Example: Zip codes and phone numbers, although composed of numbers, would typically be treated as string variables because their values cannot be used meaningfully in calculations.
Example: Any written text is considered a string variable, including free-response answers to survey questions.
The next few variable types are all technically numeric, but indicate special formatting. If your data has been recorded in one of these formats, you must set the variable type appropriately so that SPSS can interpret the variables correctly. (For example, SPSS can not correctly use dates in calculations unless the variables are specifically defined as date variables.)
Numeric variables that include commas that delimit every three places (to the left of the decimals) and use a period to delimit decimals. SPSS will recognize these values as numeric even if they contain commas or use scientific notation.
Example: Thirty-thousand and one half: 30,000.50
Example: One million, two hundred thirty-four thousand, five hundred sixty-seven and eighty-nine hundredths: 1,234,567.89
Numeric variables that include periods that delimit every three places and use a comma to delimit decimals. SPSS will recognize these values as numeric even if they contain periods or use scientific notation.
Example: Thirty-thousand and one half: 30.000,50
Example: One million, two hundred thirty-four thousand, five hundred sixty-seven and eighty-nine hundredths:1.234.567,89
Note about comma versus dot notation: comma notation is standard in the United States. Oracle's International Language Environments Guide gives a list of countries and what form of notation is typically found in each.
Numeric variables whose values are displayed with an E and power-of-ten exponent. Exponents can be preceded by either an E or a D, with or without a sign, or only with a sign (no E or D). SPSS will recognize these values as numeric, with or without an exponent.
Example: 1.23E2, 1.23D2, 1.23E+2, 1.23+2.
Numeric variables that are displayed in any standard calendar date or clock-time formats. Standard formats may include commas, blank spaces, hyphens, periods, or slashes as space delimiters.
Example: Dates: 01/31/2013, 31.01.2013
Example: Time: 01:02:33.7
Numeric variables that contain a dollar sign (i.e., $) before numbers. Commas may be used to delimit every three places, and a period can be used to delimit decimals.

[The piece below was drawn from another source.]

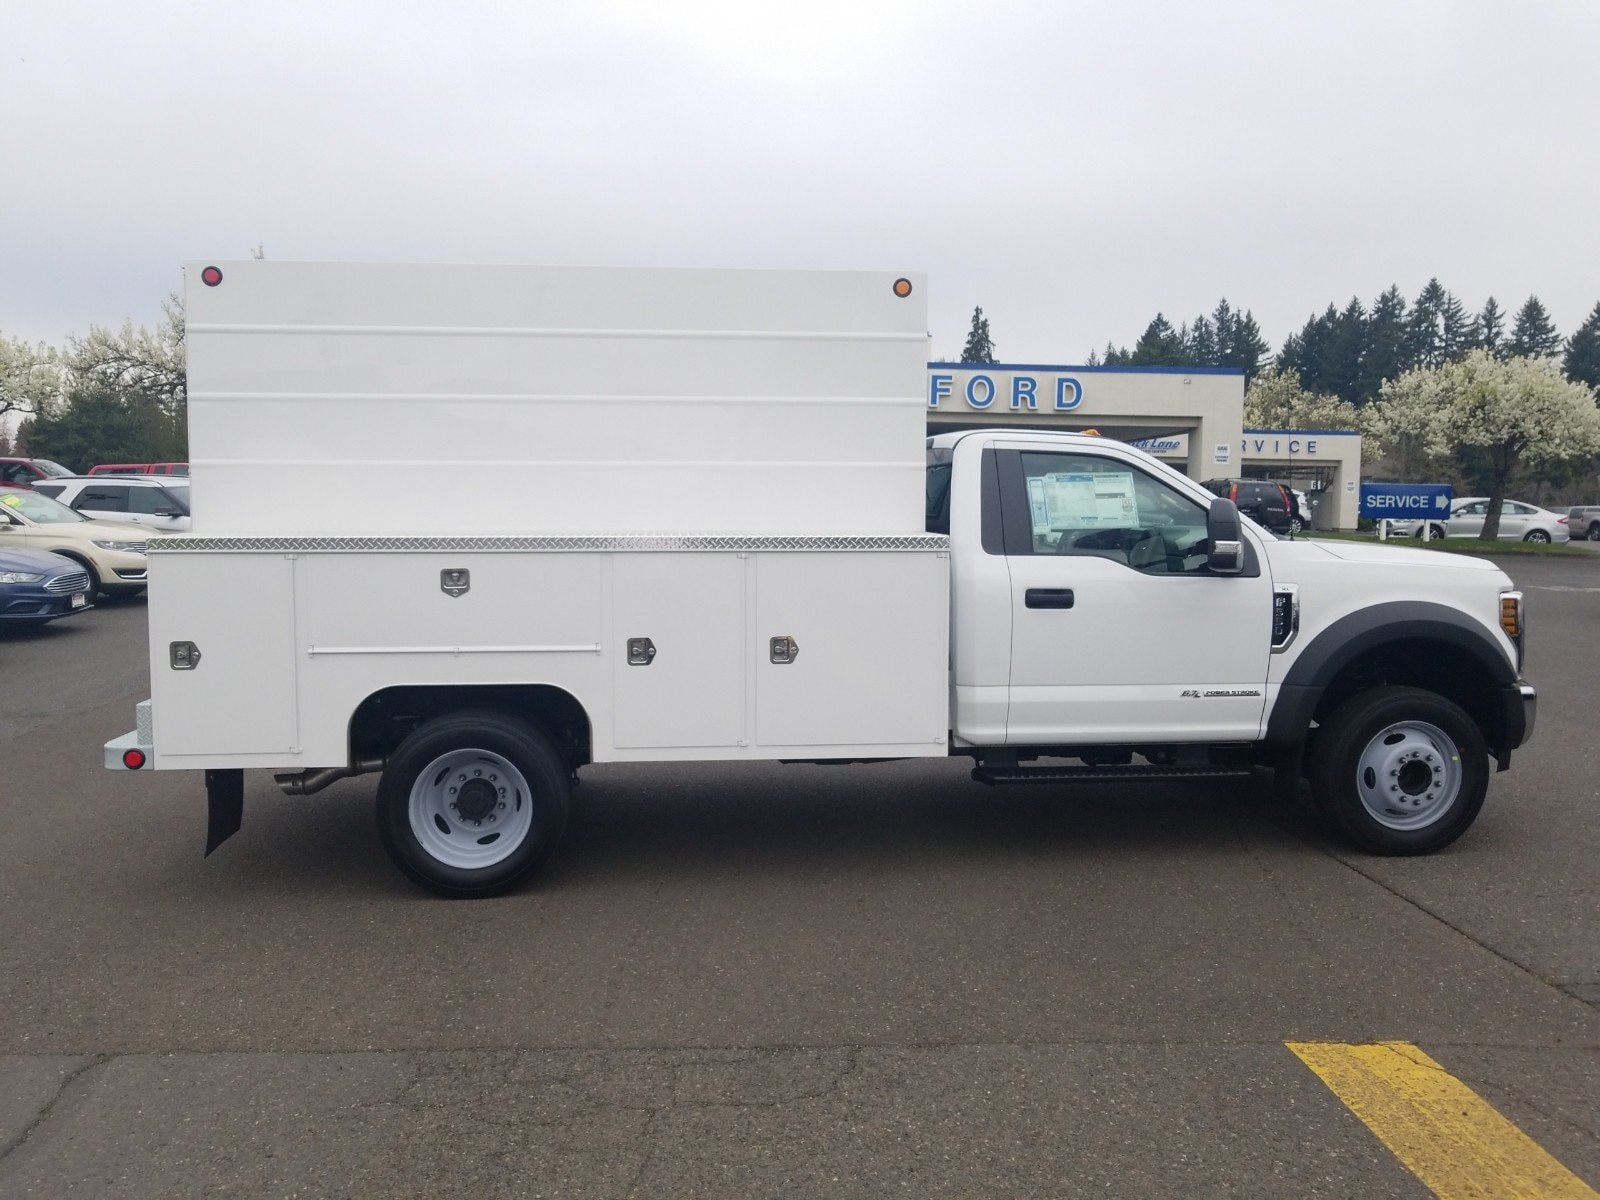 2019 F-550 Regular Cab DRW 4x2, Scelzi Service Body #299674 - photo 1

Example: Thirty-three thousand dollars and thirty-three cents: $33,000.33
Example: One million dollars and twelve point three cents: $1,000,000.123
Numeric variables that are displayed in a custom currency format. You must define the custom currency in the Variable Type window. Custom currency characters are displayed in the Data Editor but cannot be used during data entry.
Numeric variables whose values are restricted to non-negative integers (in standard format or scientific notation). The values are displayed with leading zeroes padded to the maximum width of the variable.
Example: 00000123456 (width 11)